Sorry to hear of your heart attack Phantom, so I take it the pup is gone now?


----------



## Phantom (Jul 13, 2013)

SeaBreeze said:


> Sorry to hear of your heart attack Phantom, so I take it the pup is gone now?



Nah still got the little B LOL 
He also loves destroying my headphones I use with little radio.Lost count of replacements.(I buy them in bulk now)


----------



## Jillaroo (Jul 13, 2013)

_Phants have you tried any of those deterrants like the sprays etc, and does the little darling have his own toys to play with, could be boredom, to look at him he looks like an angel   _


----------



## SeaBreeze (Jul 13, 2013)

Phantom said:


> Nah still got the little B LOL
> He also loves destroying my headphones I use with little radio.Lost count of replacements.(I buy them in bulk now)

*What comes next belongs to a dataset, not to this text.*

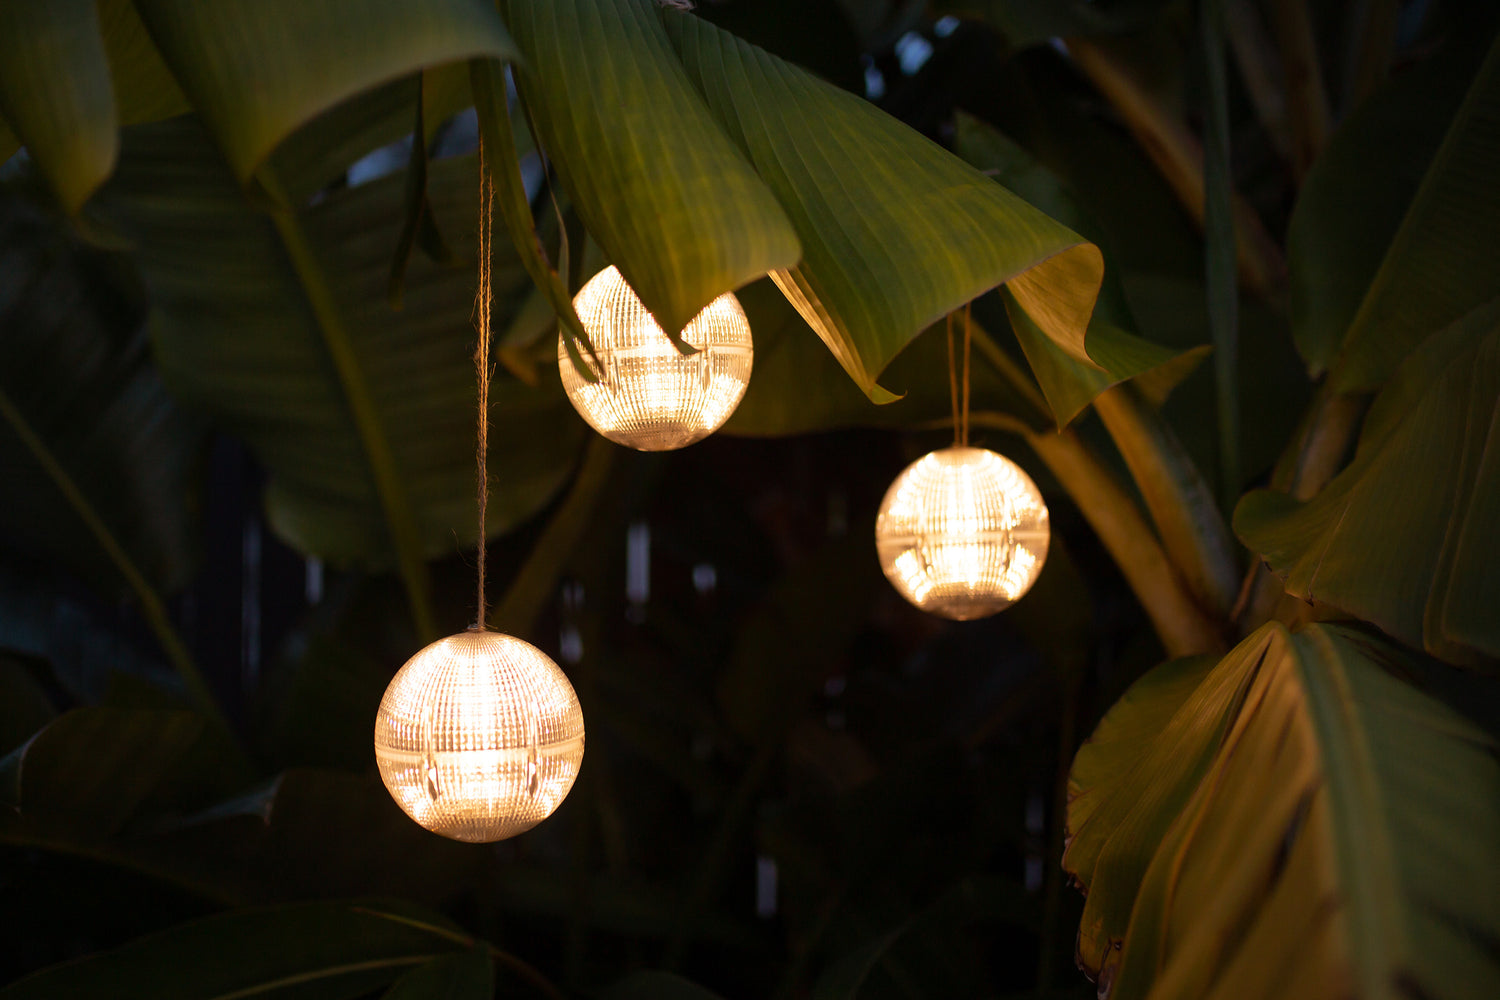 Three Solar Garden Globe Lights hanging by twine from the leaf of a large banana plant
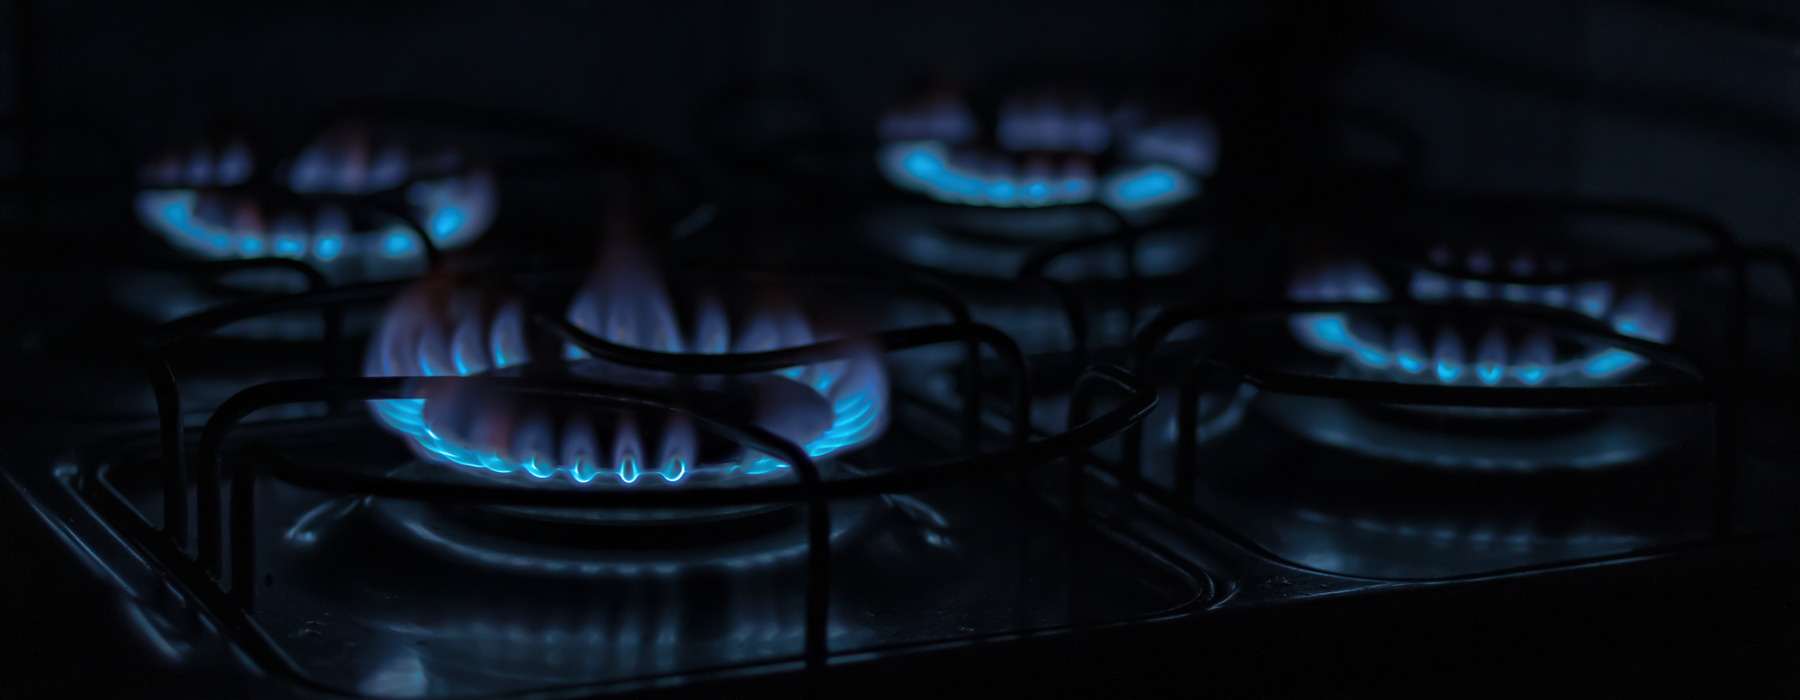 Difference between Gas and Electric Stoves

Well, that's a relief.   If he has plenty of chew toys and he's just 'hyper', maybe you could rub a Lavender Oil and water solution on his bedding, collar, etc.  Not to be used on the dog himself, but lavender will relax any tensions.


----------



## Phantom (Jul 13, 2013)

I think he is just Hypo,He has plenty of toys etc and two other dogs in the house
The vet precribed a teaspoon of Brandy for my last dog for hypo fits but whenever I had a glass of Whiskey he would try to lap out of my glass.At least the nrrdle teeth have gone,My hand was covered in bandaids being on blood thinners !!!!!!


----------



## SeaBreeze (Jul 13, 2013)

I wouldn't give any alcohol to the dog, not good.


----------



## vinylted (Jul 15, 2013)

When we first got our terrier pup, she loved chewing up leads, computer, power you name it! 
I cure her of that with a little oil/ black pepper paste smeared on the most attack spots, that did the trick..


----------



## Diwundrin (Jul 15, 2013)

I must have gotten lucky. My Jack Russell was 5 months old when I 'inherited' her and she came with a built in and deep respect for power cords. She treats them as though they were Taipans. 
	

	
	
		
		

		
		
	


	



I don't want to know how she learned not to touch them but it was a well appreciated bonus. 
She never chews on anything that hasn't been given to her and designated 'hers'.  But she sure goes to town on what is 'hers'.


----------



## JustBonee (Jul 15, 2013)

TWHRider said:


> My Cur Dog/mix was a massive chewer when I rescued him --- it's a good thing I was sick to death of looking at my 15 or so year old couch because I had to buy a new one.  Duct tape all over a couch is not attractive:dollar:



*TWH* .. sounds just like my experience with my rescue, Lil'Bear, a 2yr. old Bichon/Poodle mix when I got him, also highly intelligent.  He was into non-stop chewing and destroying.  He went right through my 12 yr old black leather sofa like a champ ...I tried black electrical tape at first to cover the damage, but had to give up.  Couldn't live with the eyesore.
Shoes and my clothes got much attention from him too when I wasn't looking.   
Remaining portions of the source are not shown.